きみがくれた日常を





「由乃ちゃん」

 次の日の朝、由乃ちゃんが家に来てくれた。
 きっと、昨日たくさん泣いたのだろう。
 目が腫れていて、いまでも少し泣きそうな顔をしていた。


「実は……わたし、あおちゃんが伊織くんのとこ行く前にちょっと話したの」

「え?」

 由乃ちゃんの言葉で俺のメッセージを葵が見ていたことがわかる。
 既読はついていなかったけど、ちゃんと見ていたんだ。

 はっと息を呑む。俺のせいだ。
 偶然、運悪く、その場所にいたのではなくて俺が呼び出したから。だから葵は。



「伊織が話があるってなんだろ。告白だったらどうしよ! 最高の誕生日になる! って笑ってた」

 両想いだったんだ。
 いや、自意識過剰かもしれないけど、少し前から気づいてた。
  葵が俺に見せる笑顔はみんなに向けるのとどこか違っていたから。
 これも俺の勝手な思い込みなのだけれど。

 昨日は葵の誕生日だった。
 だからこそ最高の誕生日にしてあげたかったはずなのに、俺のせいで最悪な誕生日になってしまった。


「はい、これ。あおちゃんのお葬式の場所」

 由乃ちゃんが書いてくれたみたいで、小さな紙には丁寧な絵と字が並んでいる。

「俺は……行かないよ」

 行けるわけないじゃないか。
 俺のせい。俺のせいみたいなものなのに。
 葵のご両親にどんな顔で会えばいいのかわからないのに。

「……うん。

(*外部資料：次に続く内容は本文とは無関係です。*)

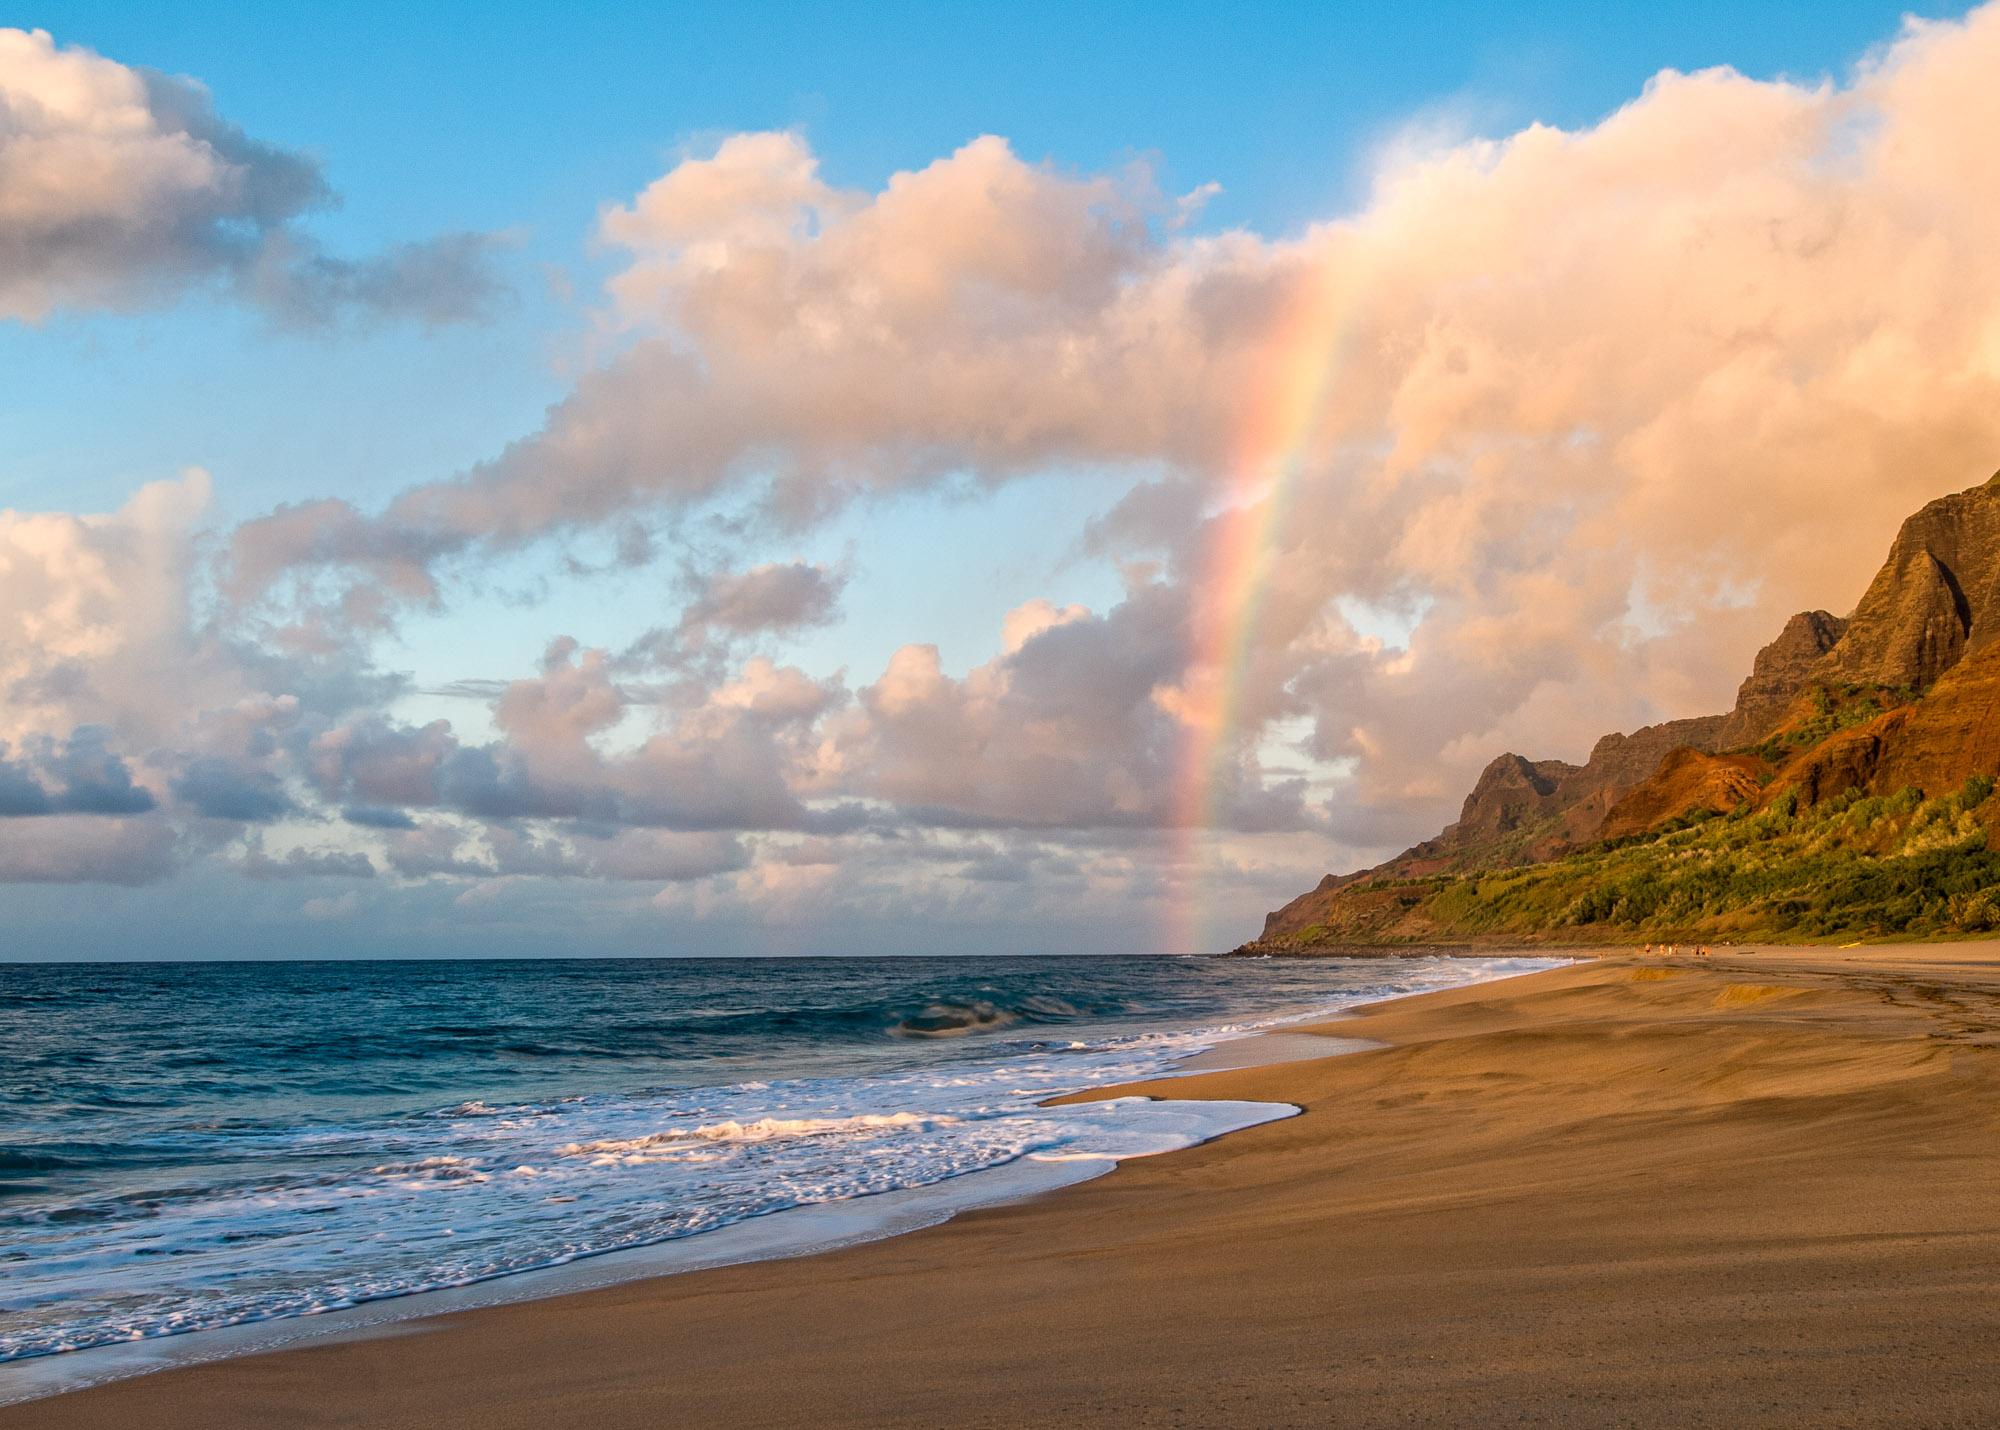 Kalalau Beach, Kauai (Nikon D200)

それでも渡しとくね」

 じゃあ、と言おうすると由乃ちゃんが大きな声を出す。

「伊織くん!」

「なに?」

「伊織くんのせいじゃないから! 
 だからあんまり自分を責めないでね」

 顔に出ていたのか、由乃ちゃんは心配そうにこっちを伺う。

「……うん、またね」



 その日はどうやって一日過ごしたのかなんて覚えてなかった。
 気づいたら一日が終わっていて、朝になっていた。

 起きてリビングの方へ行く。
 まるで葵のことは夢なんじゃないかってまだ錯覚してしまう。
 ほんとに夢だったらよかったのに。


「伊織。今日、水原さんとこのお葬式の日なんでしょ」

 ソファでぼーっと寝転がってる俺に向かって、母さんは言う。

「え、なんで母さんが」

 なにも言ってないのに。
 なんで、知ってるんだ?

「昨日、公園付近で葵ちゃんのお母さんに偶然会ってね、それで……」

「俺は行かない」

「行きなさい」

「行かないってば!」

 少し乱暴に声を上げる。


「葵ちゃんのお母さん、あなたに話したいことをあるみたいよ。
 行ってきなさい。そして、最期(さいご)にちゃんとお別れくらいしてあげなさい」

 はい、と制服や数珠を渡される。
 まるでもうはじめから用意されていたみたいに。

 それにしても、葵のお母さんが。
 そんなこと言われたら行くしかないじゃないか。



 葵のお葬式会場の前に立つ。

 嫌だった。お葬式に行くのが。
 葵がもうこの世にいないって嫌でも実感させてくるこの場所が。


「伊織くん」

 俺に気づいた由乃ちゃんが小走りで駆けてくる。
 その目にはまだ涙を浮かべてる。
 親友が亡くなったのだ。泣くのは当然だ。

 なのに、どうして俺は泣けないんだろう。
 お葬式という場所が葵はもういないって言ってるのに、俺だってもう実感させられてるはずなのに、俺はどうしてもその事実を受け止めることができない。
 まだ信じられずにいた。

 中に入るとすぐ、葵の笑顔の写真が目に入る。

「ねぇ、由乃ちゃん。葵はもういないんだよな」

「……うん」

 由乃ちゃんが唇を噛み締めながら俯く。


 控え室の中を見てみると、葵のご両親や親戚、近所の人がたくさん来ていた。
 その場にいるのはなんだか気まずくて、由乃ちゃんと違うところに座って待つことにした。


「わたし、あおちゃんにお誕生日おめでとうって言えなかった。あおちゃんがたのしそうに話してるの聴いてたらすっかり忘れちゃって。
 夜、電話で言おうかなって思ってて。
 でも、もう二度と言えないんだよね。言えばよかったな……」

 由乃ちゃんは後悔が残ってしまった、と泣きながら言う。

 そんなこといったら、俺だって伝えたいこと何ひとつ伝えられなかった。

 "好き"
 たった二文字なのに、それすら葵に言えなかった。


 葵のご両親もおばあさんも由乃ちゃんもみんな泣きながら、葵のことを見送った。

 でも、俺はやっぱり泣けなくて、その光景を見て心のほうがひどく痛かった。